I remember how hurt my LB was when I told him I wouldn’t be able to come back next year. He tried to barging, claiming since I was already going to community college I didn’t need to move away to go to college, trying to figure out if there was some way I could stay one more year before leaving. When that didn’t work he begged to see what my car looked like, and insisted on showing me his parent’s car, where he lived, and everything else about himself. I eventually realized he was trying to make sure we could find each other if I wanted to visit during the summer. Unfortunately the rules for BBBS were clear, I was only suppose to see my LB in school not visit him at home. He also begged me to come to school more then once a week and to attend his end of the year field trip with him, both of which I was able to do.
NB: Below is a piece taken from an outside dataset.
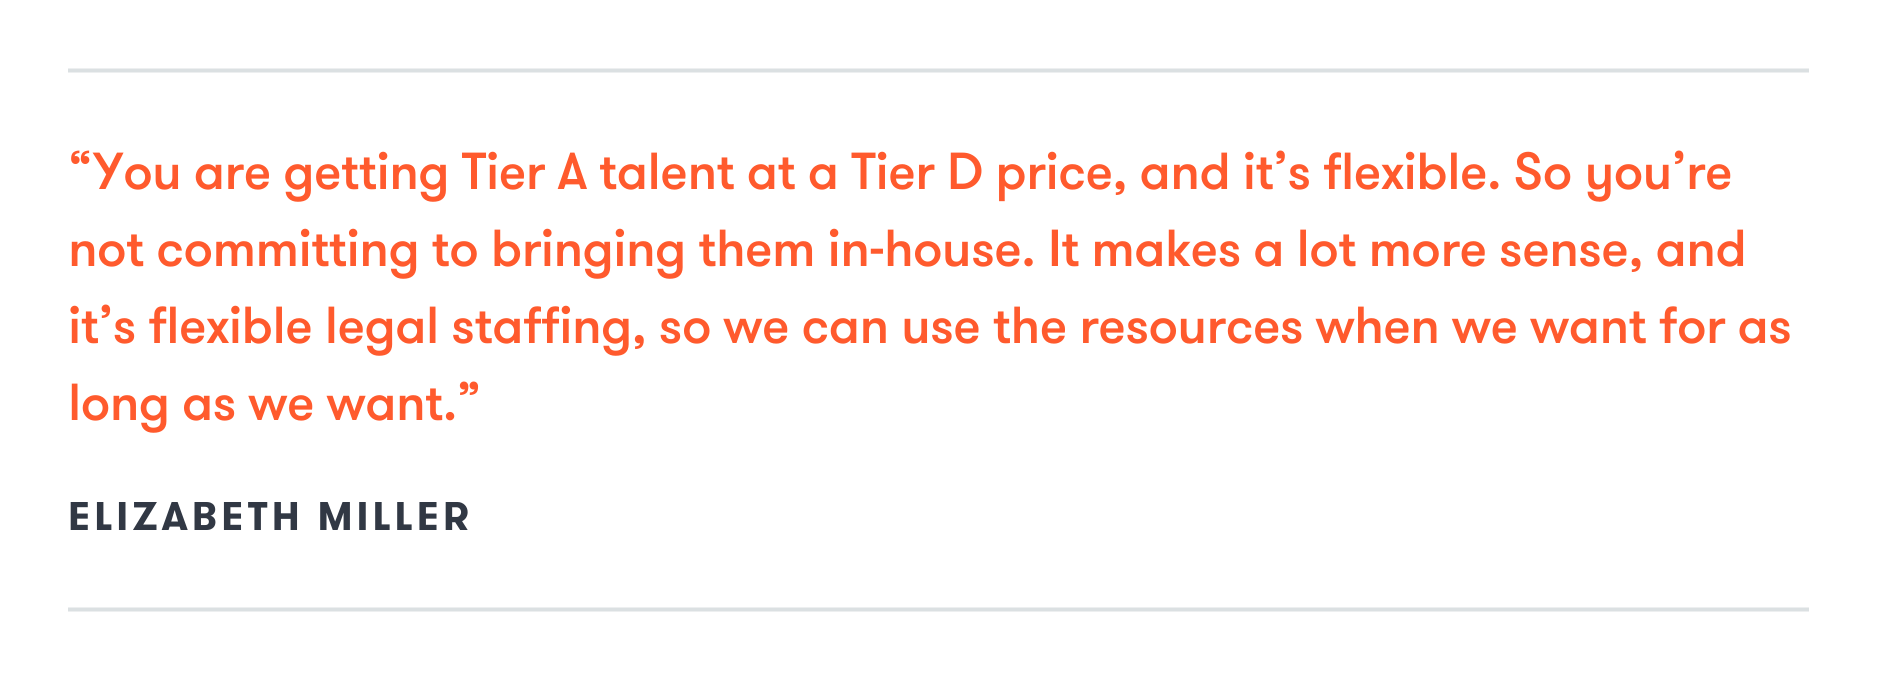 Image of quote by Elizabeth Miller stating "You are getting Tier A talent at a Tier D price, and it's flexible. So you're not committing to bringing them in-house. It makes a lot more sense, and it's flexible legal staffing, so we can use resources when we want for as long as we want."

One thing that was clear was that he wanted to spend as much time with me as he could before I had to leave.

When I first signed up for BBBS I always knew I would be leaving in a year or two, and told them that. However, back then, when I was still afraid my LB may not like me, it never occurred to me that he may value me so much that he wouldn’t want to let me go. His constant attempts to keep me around were very bitter sweet for me, making me happy to see how much he valued me, and making me feel all the worse for having to leave him.

This was back in the days that E-mail existed, but wasn’t regularly used. I tried to stay in contact with my LB via old fashion mail, and we traded a few letters back and forth, but he was still learning to read and write and over time his letters back to me became less common until eventually he just stopped responding at all.

My year with my LB was a very important one for me. It was what made me realize that I wanted to keep volunteering with kids, but also made me resolve to not commit to another mentoring experience until I was certain I was settled down and wouldn’t have to leave a child that cared for me again. I’ve sense spent half my life with children and have many kids I’m a godfather, honorary Uncle, and otherwise a mentor for; but none of that may have happened if it wasn’t for my first mentoring experience with my LB.

After all these years with kids one big thing I learned is that you don’t need to be Marry Poppins to be a mentor for a kid. Kids really don’t care how cool you are, If you are geeky or not, or if you always know what your doing; all the stuff I worried I wouldn’t live up to in my LB eyes. All kids really care about is that you are there for them and give them love and attention. As long as I was wiling to give that to my LB he didn’t care about any of the rest.

And to anyone who’s ever considered doing BBBS, or any other type of mentoring, that’s worried they didn’t know how to do it or wouldn’t be a good enough role model let me assure you if teenage me could manage it you can to. I have faith you can do it, and won’t regret it, if you ignore your fear, as I did, and just try.